Few guidelines to secure your log-in credentials of a ton of web-services you use.
- Use different (strong) passwords for different web-services.
- Use password managers.
- Use Multi-Factor Authentication (MFA).
- Keep your account recovery information up-to-date.
Do you know how many digital services you use? Take a guess! Chances are that you’re using 100+ web-services & apps. Most of the web-services will ask you to create an account on their web-site. It’s not practical to remember the log-in credentials of all web-services you use. What do you do?
You use the same combination of username and password for most (if not all) of the web-services. You are an informed digital user and hence you create and use a strong password. You generally create a password which starts with a capital letter, contains special characters in between and ends with a number. You use special characters by substituting “$” for “s”, “@” for “a,” and so on. Perfect! What could go wrong?
Well, let’s start with the practice of using the same combination of username and password for all the web-services. Companies such as Google, Microsoft, Facebook etc. build strong security infrastructure, employ top-notch security professionals and lead the efforts in standardizing and implementing security best practices. Unfortunately, not all web-services employ the same security standards. Chances are that some of the web-services you use, are vulnerable to data-breaches. Remember the 2012 LinkedIn data breach?
Sounds scary? Try this! Head over to this website and check if your e-mail address can be found in one of the known data breaches. Check if the password you currently use has been leaked in one of the known data-breaches. Got some red results? Time to change your password!
Hackers know the fact that people generally use the same log-in credentials for most of the web-services. They don’t have to hack the well-built, secure web-services. All they need to do is to break into the weakest of the web-services and they have the keys to get into the well defended web-services. They also know that if people don’t use the same password for all the web-services, they generally use a slight modification of their password in different web-services.
What to do then? This brings us to Rule #1.
Use different (strong) passwords for different web-services.
I’ll not go into the details of what a strong password is. However, I can offer my two-cents. Passwords shouldn’t be predictable and they must be long enough (10 characters or more) to prevent a brute force attack. Examples of good passwords: lWhZo9inVos0, D0Ra8MD5mM24 etc. Tools are available that can help you generate strong passwords.
Okay, but we can’t possibly remember (such complex) log-in details of all web-services. Yes, we can log-in using our Google, Facebook, Twitter account on web-services which do provide this feature but some of them don’t. This brings us to Rule #2.
Use password managers.
Password managers are web-services and apps that help you to store and manage your log-in credentials for different web-services. Apart from helping you to create and store strong passwords, they expedite the web-service authentication process. They’re available as Ad-Ons for popular web-browsers and as apps for Android & iOS. For example, I have been using LastPass for the past couple of years and the experience has been great. However, you can do your own research and choose the password manager of your choice.

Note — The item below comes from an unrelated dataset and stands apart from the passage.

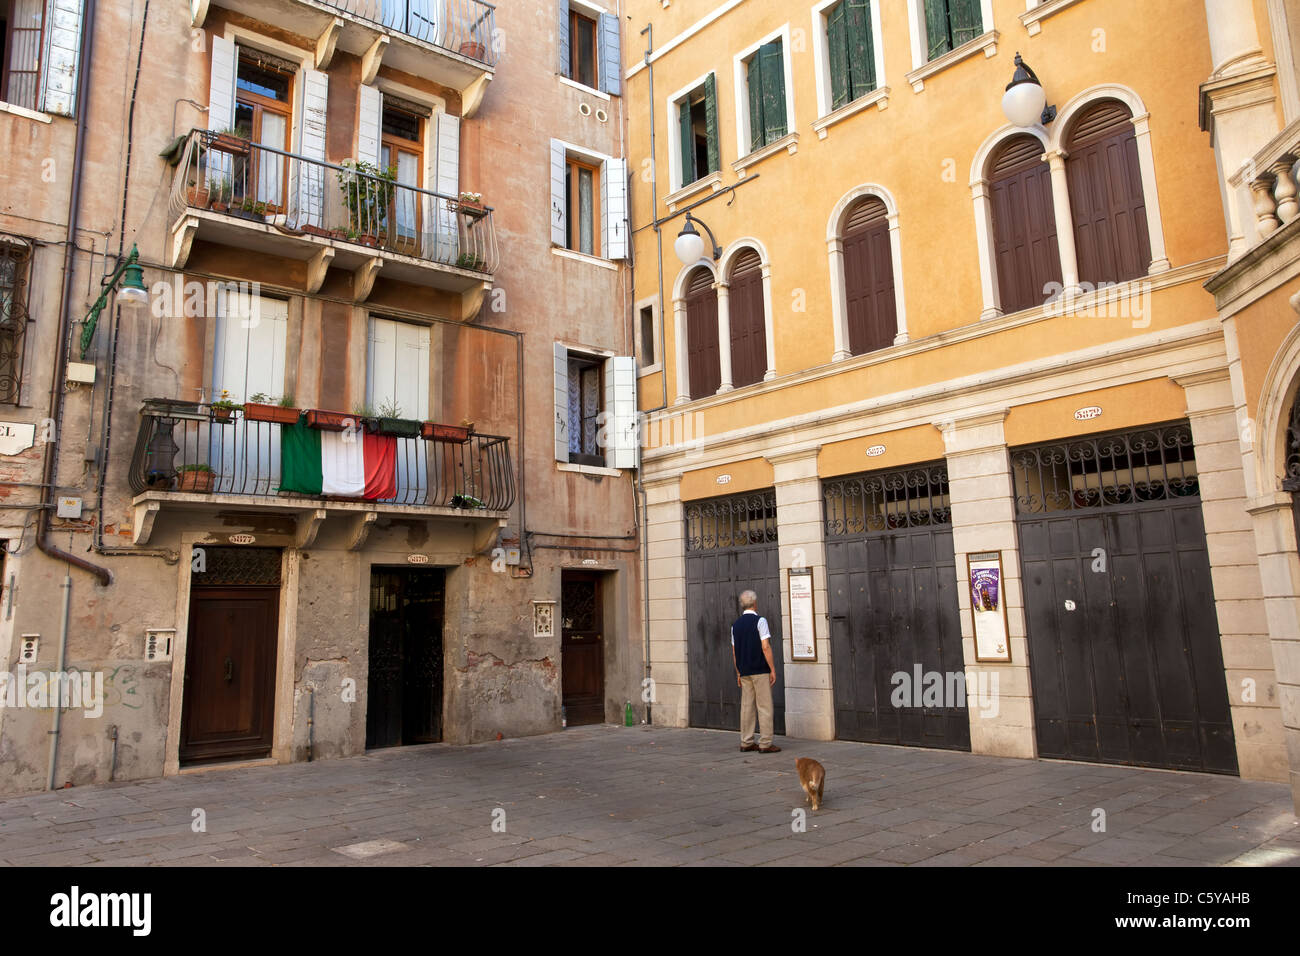 A man entering his house in Venice, Italy with his dog.  Shows ancient architecture of the buildings. Stock Photo

Okay, great! But we’re putting all our eggs in one basket. What if the password manager gets hacked? The hackers would have access to all the web-services we use. That is a valid concern. We can’t rule out this possibility. However, since it’s the bread and butter of password managers to secure their customer’s data, it’s highly likely that they’re putting their best efforts in employing the security best practices. Nevertheless, how to mitigate this risk? Rule #3.

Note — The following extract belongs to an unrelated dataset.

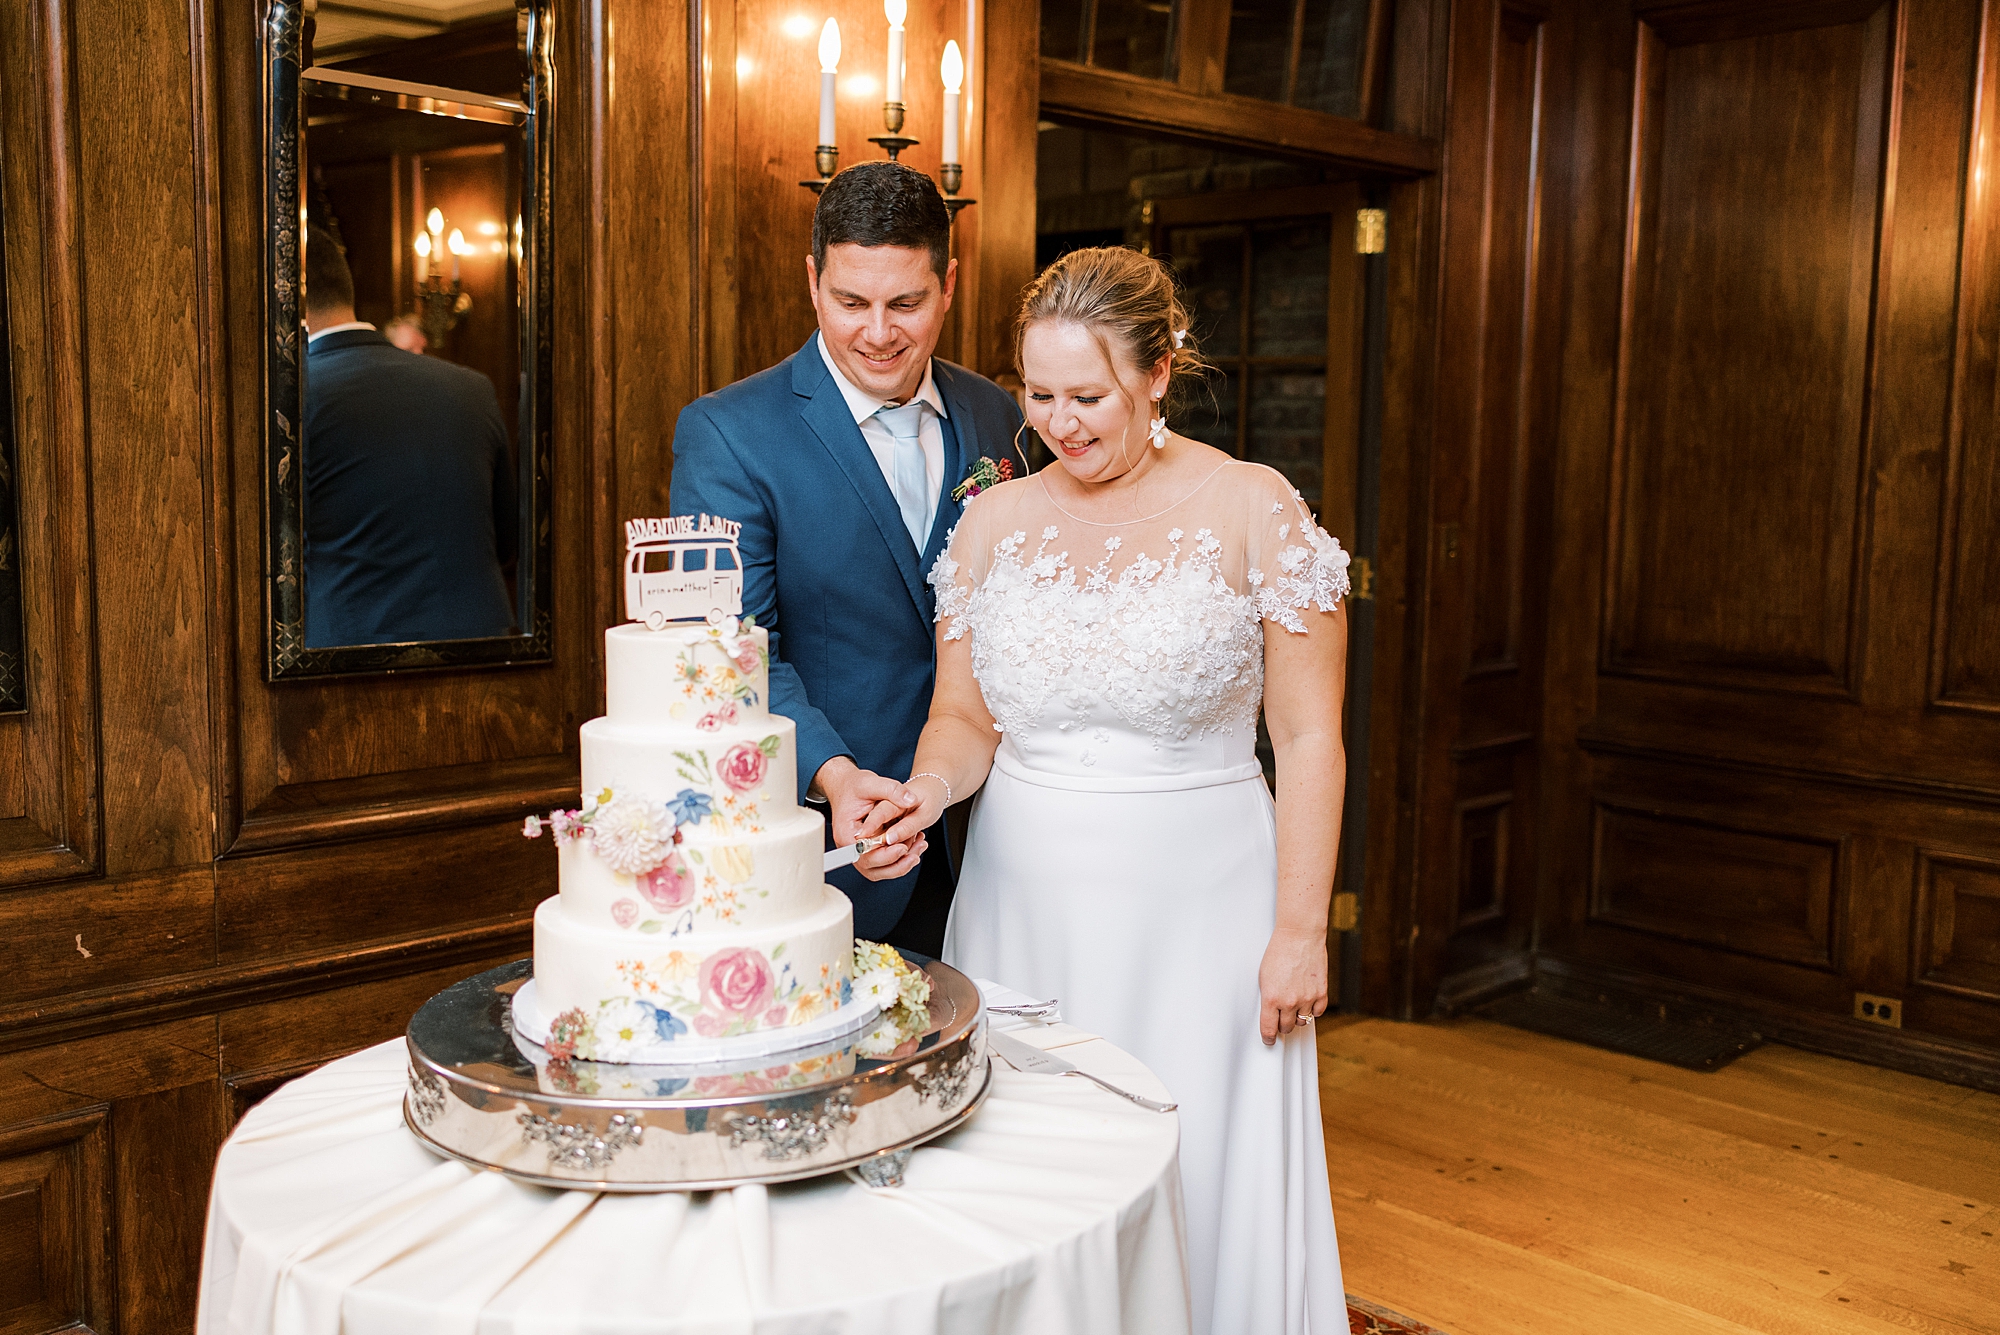 newlyweds cut wedding cake at Greenville Country Club

Use Multi-Factor Authentication (MFA).
MFA adds an extra layer of security to your web-service accounts. MFA can be in the form of a one-time password (OTP) being sent to your mobile number or using apps such as Authenticator.
This is all good! But what if I loose my MFA device (mobile-phone)? Rule #4.

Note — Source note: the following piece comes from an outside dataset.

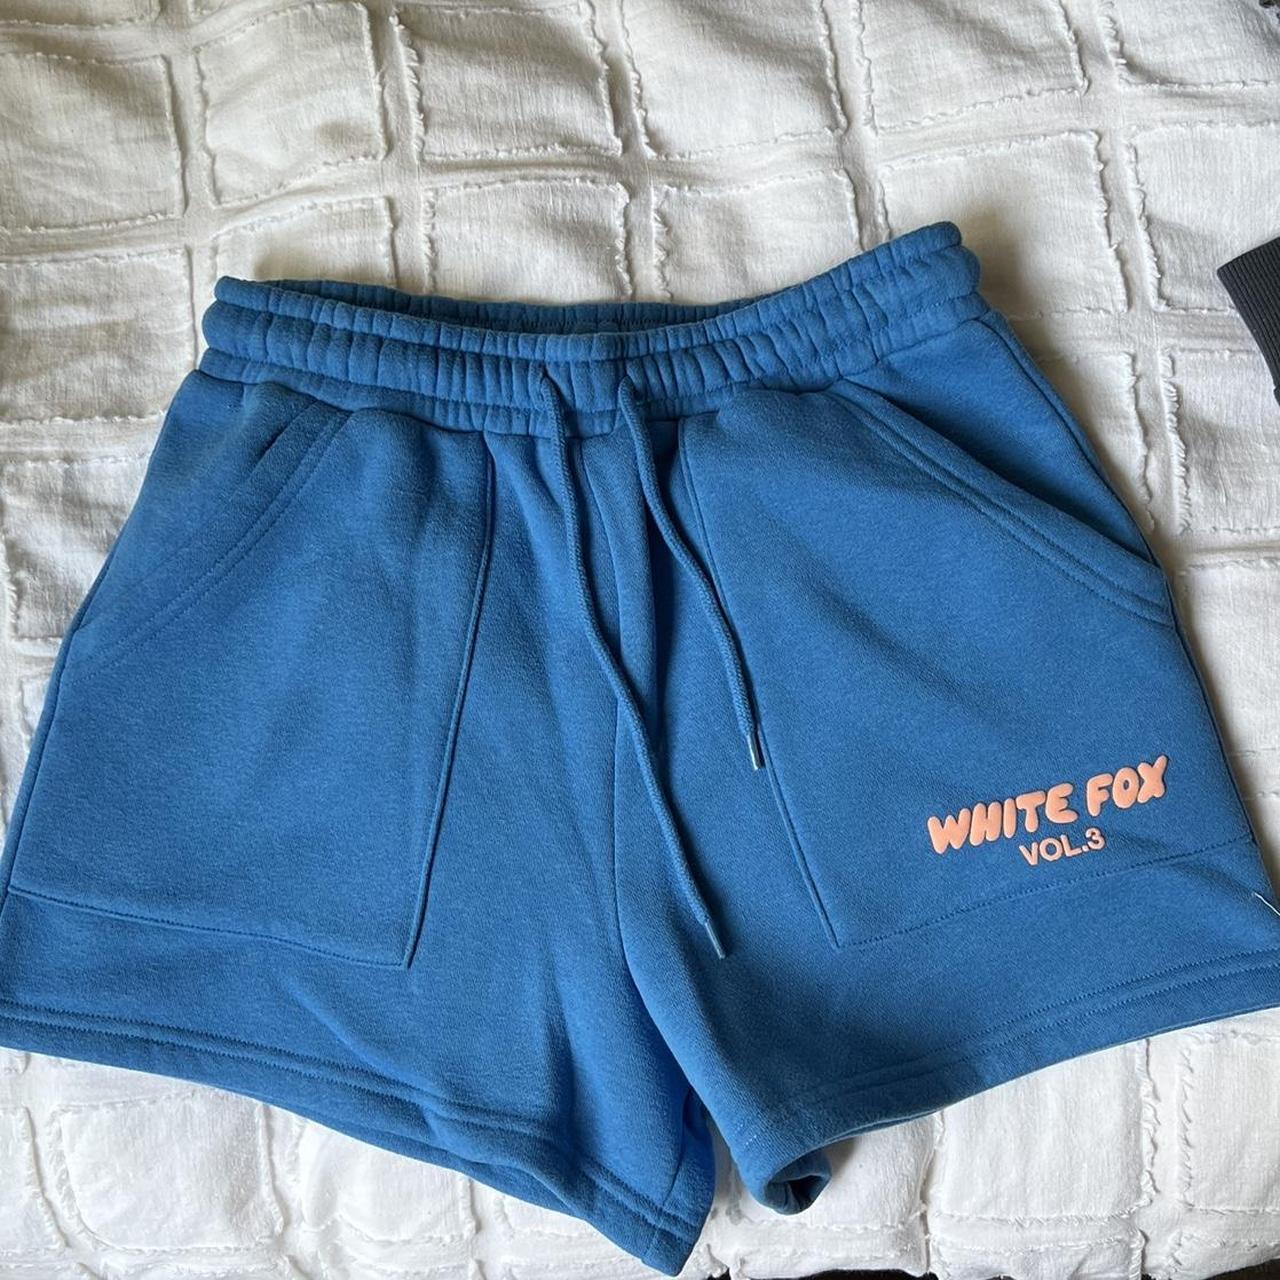 Selling white fox shorts Never worn but no tag - Depop

Keep your account-recovery info up-to-date.
Make sure that your web-service account recovery details are up-to-date and correct. When setting up the MFA using the Authenticator app, you are provided with the recovery codes. Please store them securely in a place where no-one except you can access them. Don’t forget where you kept them.
Keeping your digital identification information secure is the responsibility of both, you and the web-service providers. If both the parties employ security best practices and guidelines, it will enable the safe and secure use of digital services, helping our society move forward.